Where it comes to the knowledge of the Executive that—

(a) all or part of the payment of a prescribed repayment to a person has been procured through fraud or misrepresentation [there is no burden of proof there], or

(b) there has been an overpayment of a prescribed repayment to, or in respect of, a person,

then the amount of that prescribed repayment so procured, or of that overpayment, as the case may be, shall be repayable to the Executive on demand.

We are in very delicate legal territory here. In my view the HSE will receive legal advice to say as little as possible because the more one says the more one is in danger of offering people reasons to go to court. Instead, people will get a brutal one-liner saying they were accidentally overpaid, that they now owe so many thousands of euro and must pay it back immediately.
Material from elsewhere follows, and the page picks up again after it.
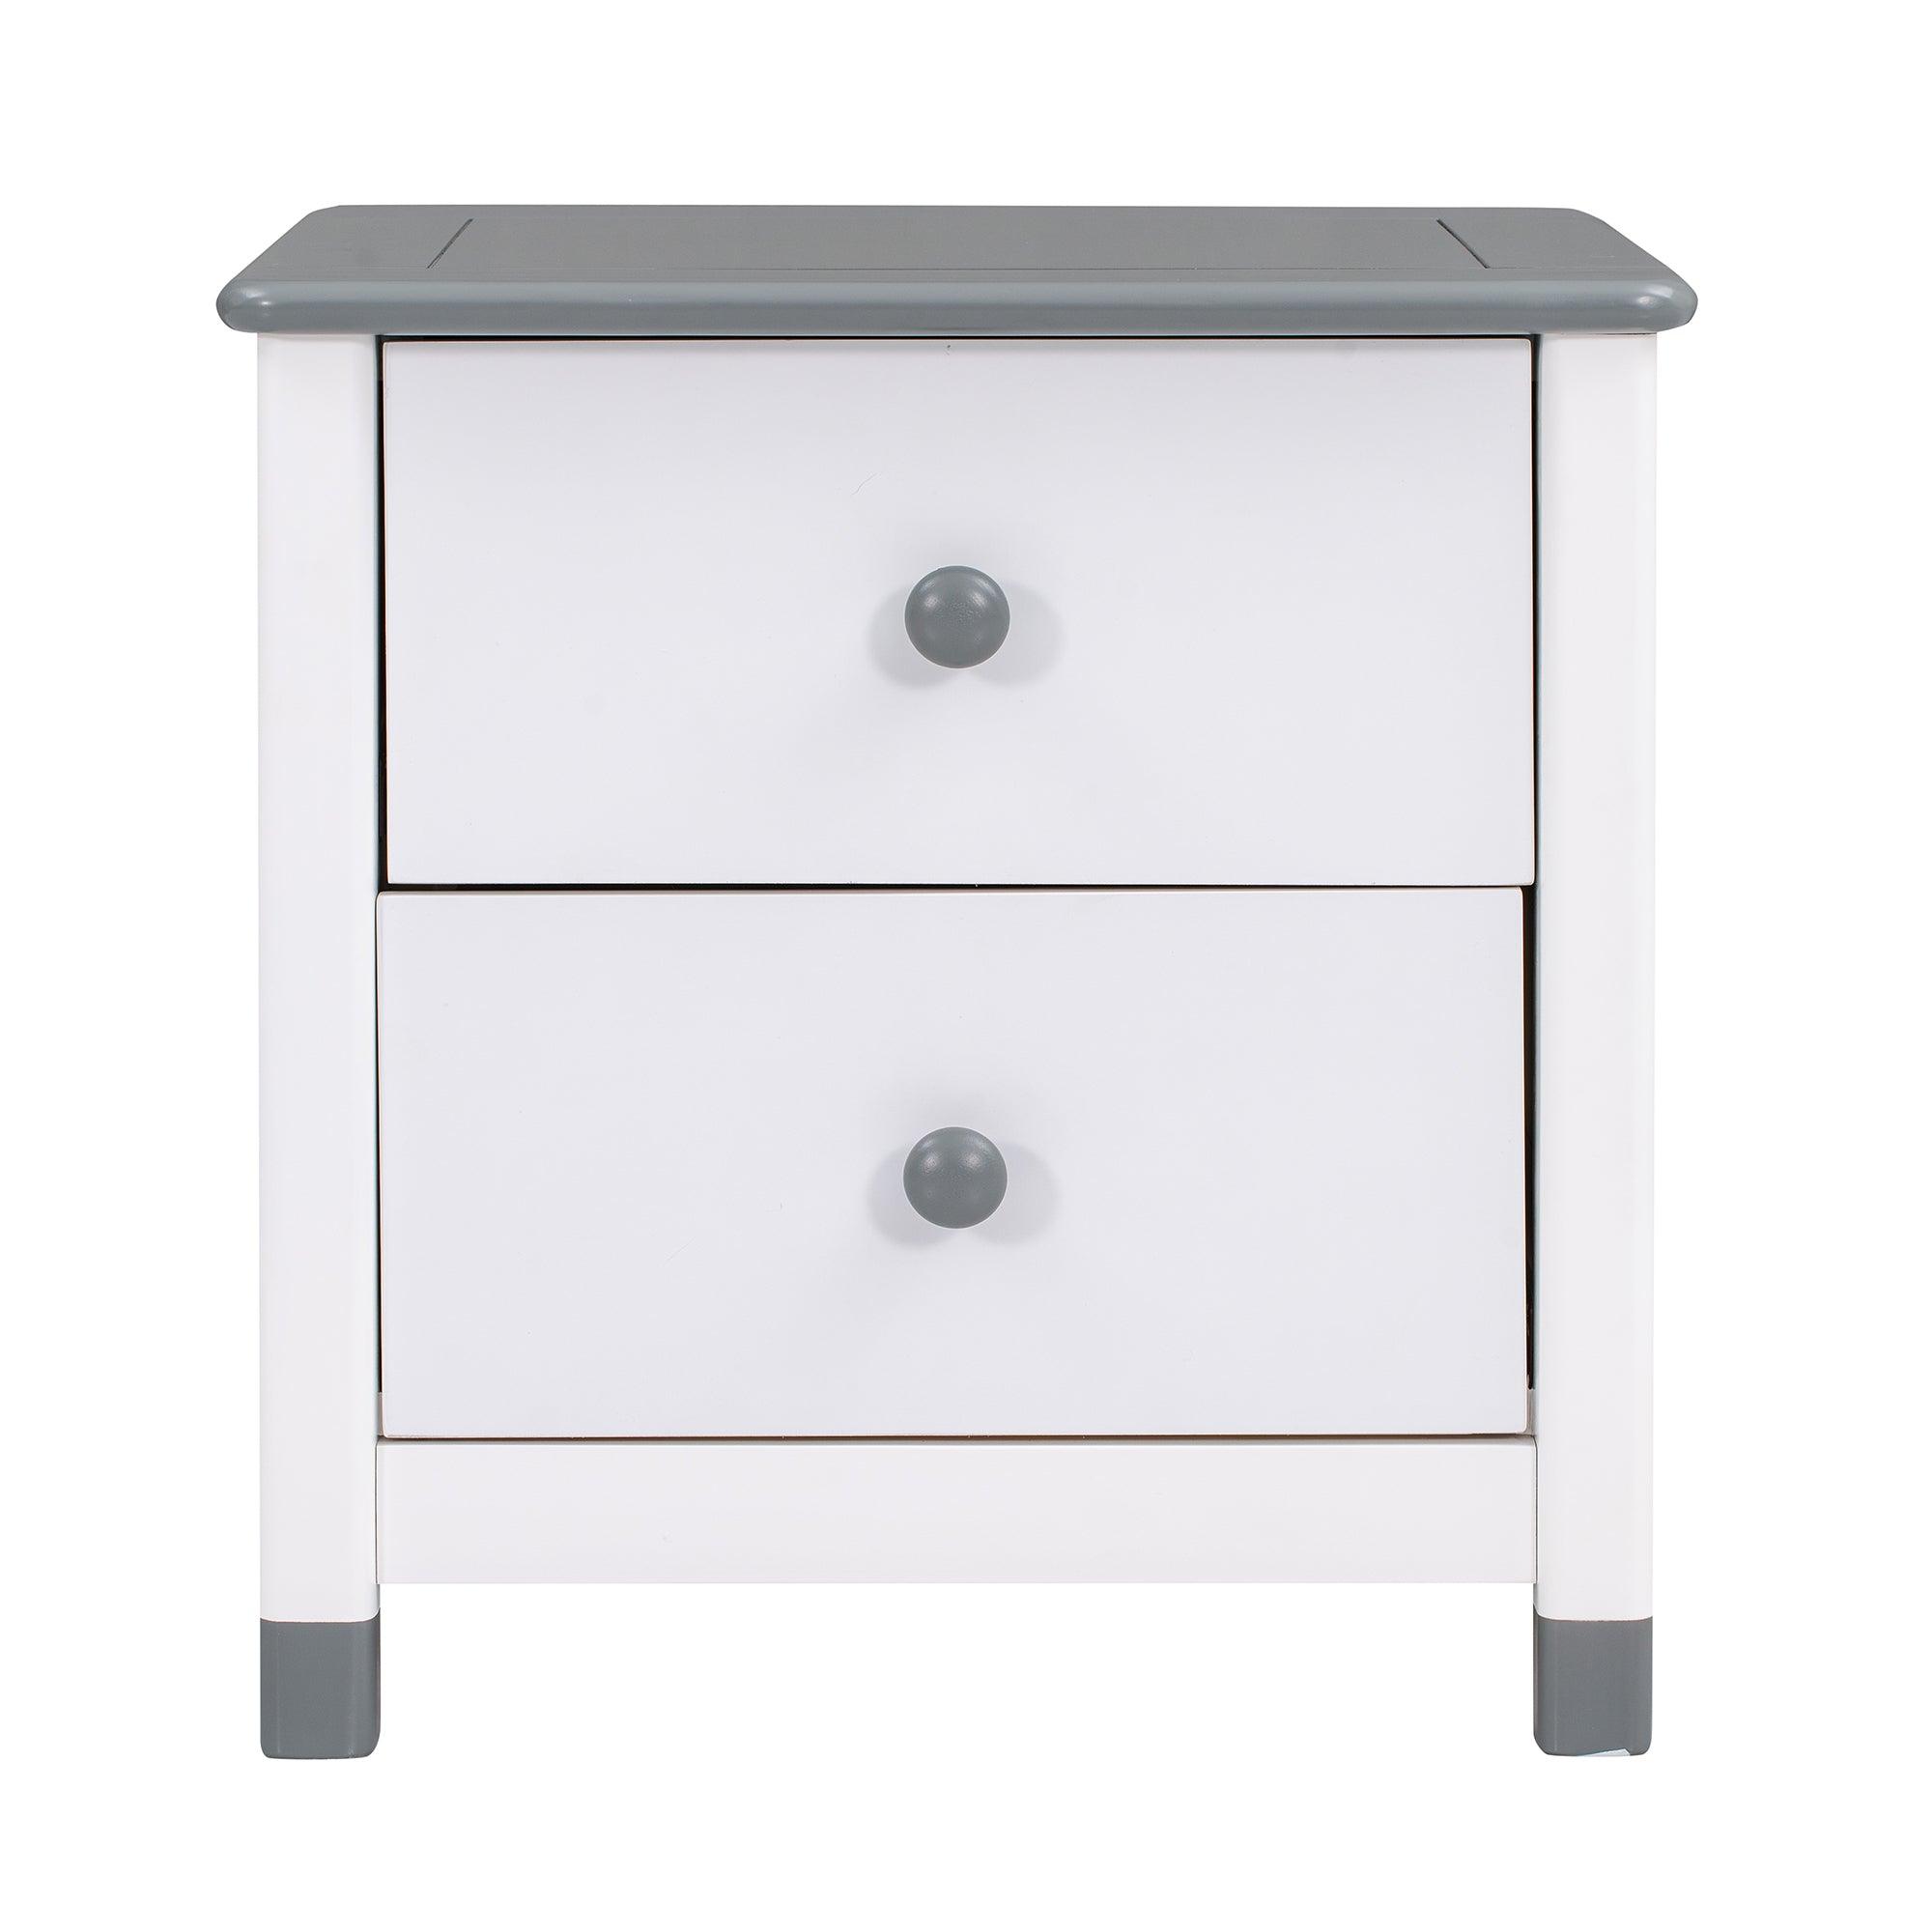 FATASTIC Wooden Nightstand with Two Drawers for Kids Bedroom - White & Gray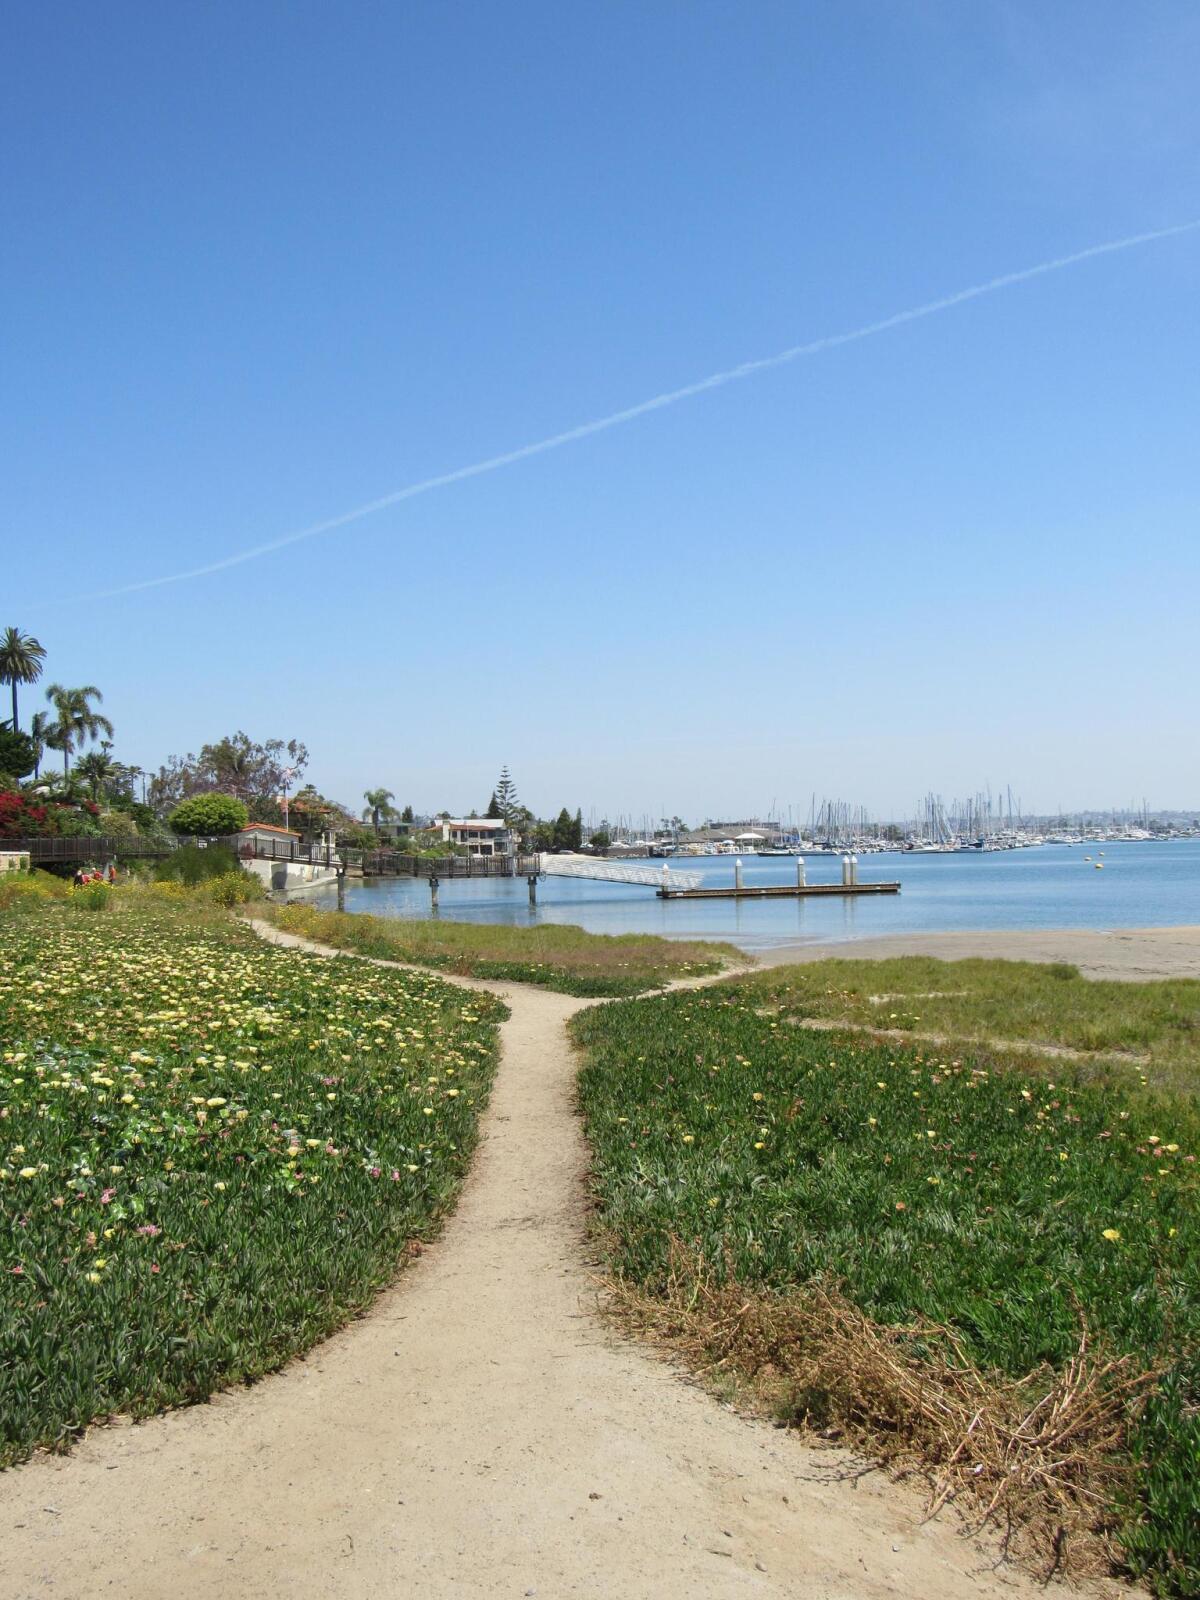 THE LONG AND WINDING ROAD ... La Playa Bayside Trail refers to the dirt path that meanders along the bay from Talbot Street to Qualtrough Street in Point Loma.

That is what "on demand" means and these words were not chosen accidentally. It is an extraordinarily brutal piece of language.

Fraud and misrepresentation are deliberate deceptions practised by some people which we all condemn. The Bill conflates these issues with overpayment. Overpayment is an error on the part of the super-efficient new private body we are to hear about later in the week which need only tell the HSE if a mistake is made for the HSE to write to the individual demanding repayment.

In my Second Stage speech I said the Tánaiste deserved credit for facing up to this problem when other people had ducked it. As a tail-end to a sorry mess perpetrated by this State against its citizens, section 17 reflects poorly on public administration and governance and I could not withdraw this amendment.